Thursday, 25 February 2016

'Europe: In or Out: Everything You Need to Know' by David Charter

Now that the date of the Referendum on Britain's membership of the EU has been announced, I wanted to read up on the relevant facts and arguments, to be able to make an informed decision (okay so I'd effectively already made a decision, but wanted it to be informed nonetheless!) and to arm myself for debates/arguments in the next few months. Anyway, after looking at a number of books about the EU referendum, I settled on 'Europe: In or Out' by David Charter who is a renowned journalist, the Berlin correspondent for The Times.

The book is well set out and each chapter covers a different theme / policy area, with key facts, the arguments for leaving and for remaining, as well as a general discussion with examples. There were chapters covering immigration, the EU budget, trade, justice, farming, fishing, defence and foreign aid amongst others. It draws on a number of studies and reports, going into a fair bit of detail. It's not a long book, 300-350 pages, but it is long enough and certainly longer than many of the books about the EU referendum that are springing up.

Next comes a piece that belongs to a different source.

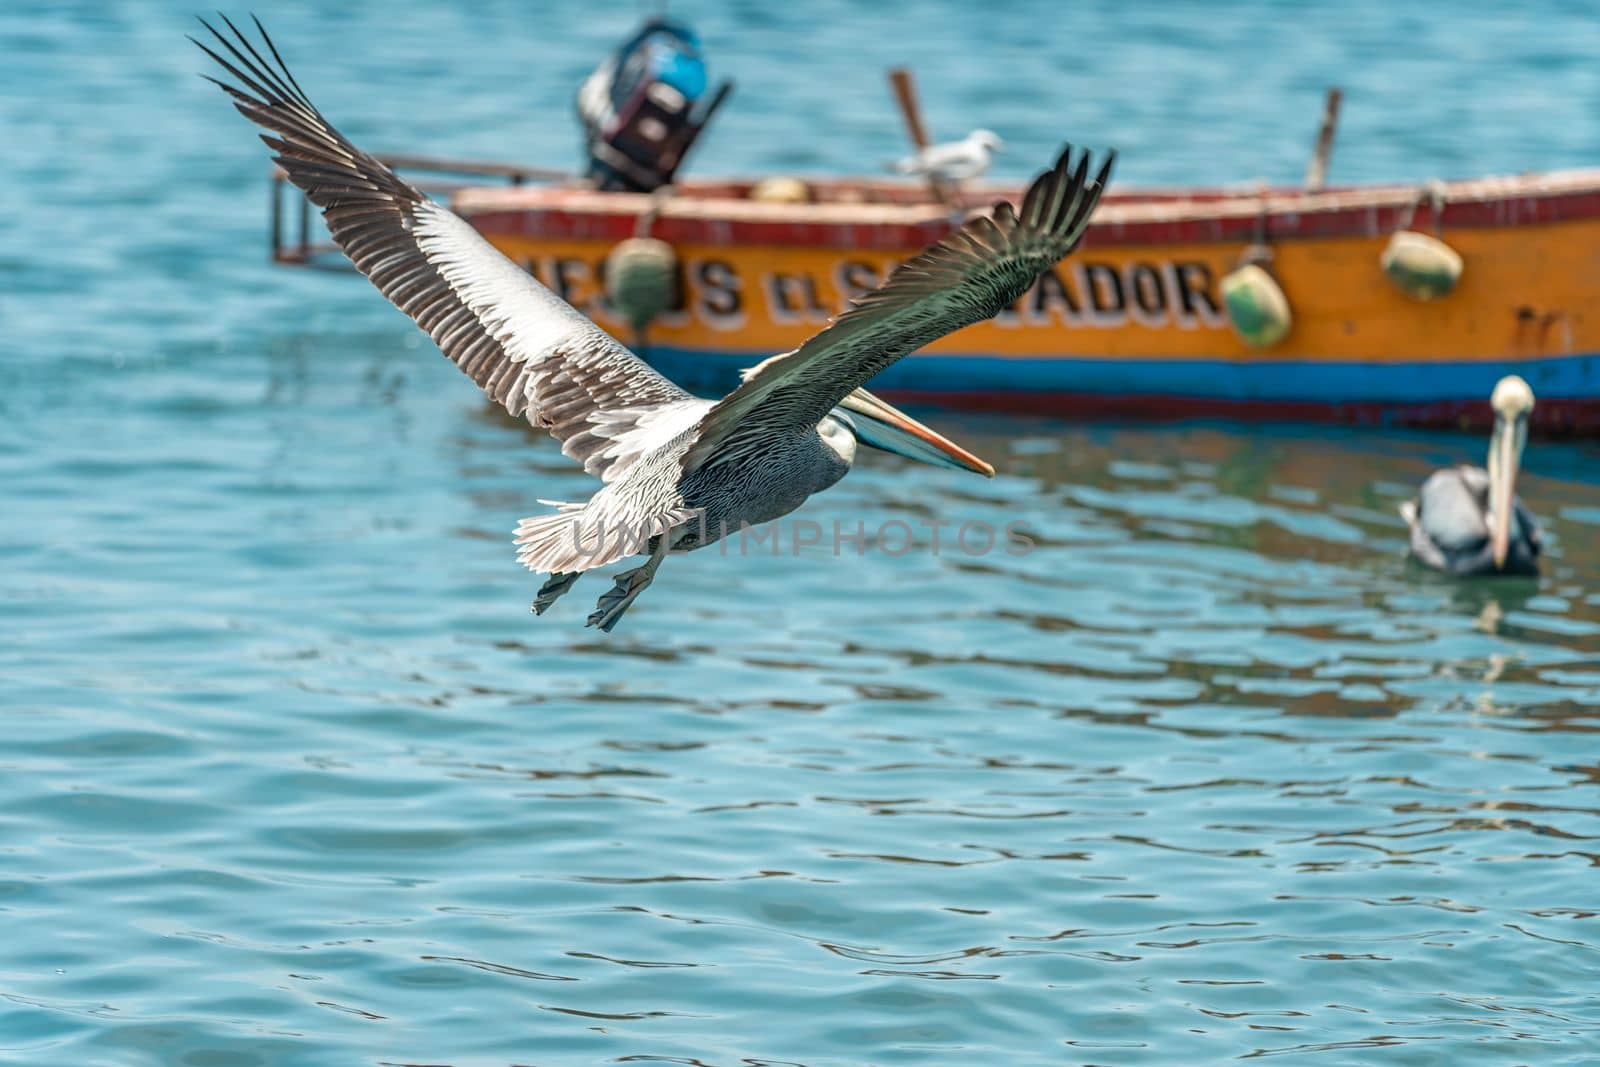 Peru - September 21, 2022: A pelican flies over the ocean near fishing boats by Edophoto

I thought this was a really good book that covers all the main areas that you'd want it to. What it doesn't do is explain what the EU does or how the various EU institutions work, instead it assumes a certain degree of prior knowledge on the subject. This isn't actually a problem, even if you don't know the ins and outs of the system, you get the gist of how things work. The only area where it becomes a bit of a problem is in the discussion of the "democratic deficit", i.e. the extent to which laws are passed affecting us where we haven't had a say in it. Without a good understanding of the workings of the European Commission, EU Parliament etc it is difficult to judge the argument either way. This is a minor flaw though, and one that is easily rectified if need be with a bit of reading on Wikipedia or similar.

One of the book's main strengths is it's balance, even something close to impartiality. There is plenty in this book for both sides in the referendum argument to be happy with. It is very difficult to work out which side the author favours - some chapters it looks like he's in the Leave camp, others that he's pro-EU. I think though that just shows that some themes and policy areas favour remaining in the EU, others lean more towards us leaving. 

Those readers looking for the book to tell them which way to vote will be left disappointed (though there are plenty of biased books that will do that). Instead it leaves you with a lot to think about and allow you to make a more informed judgement which can only be a good thing. I'm giving this a solid 8/10.

A note about versions

This book was written shortly before the 2015 General Election, after David Cameron had announced he'd hold a referendum if the Conservatives won the general election, before the referendum was formally agreed. It therefore doesn't cover David Cameron's recent EU deal. Having just been on Amazon however, it appears that a new version of the book is to be released in the next couple of weeks, which presumably will cover this. So it could be worth waiting for then to buy the book. I don't think it matters too much however, as Cameron's deal doesn't change the key issues.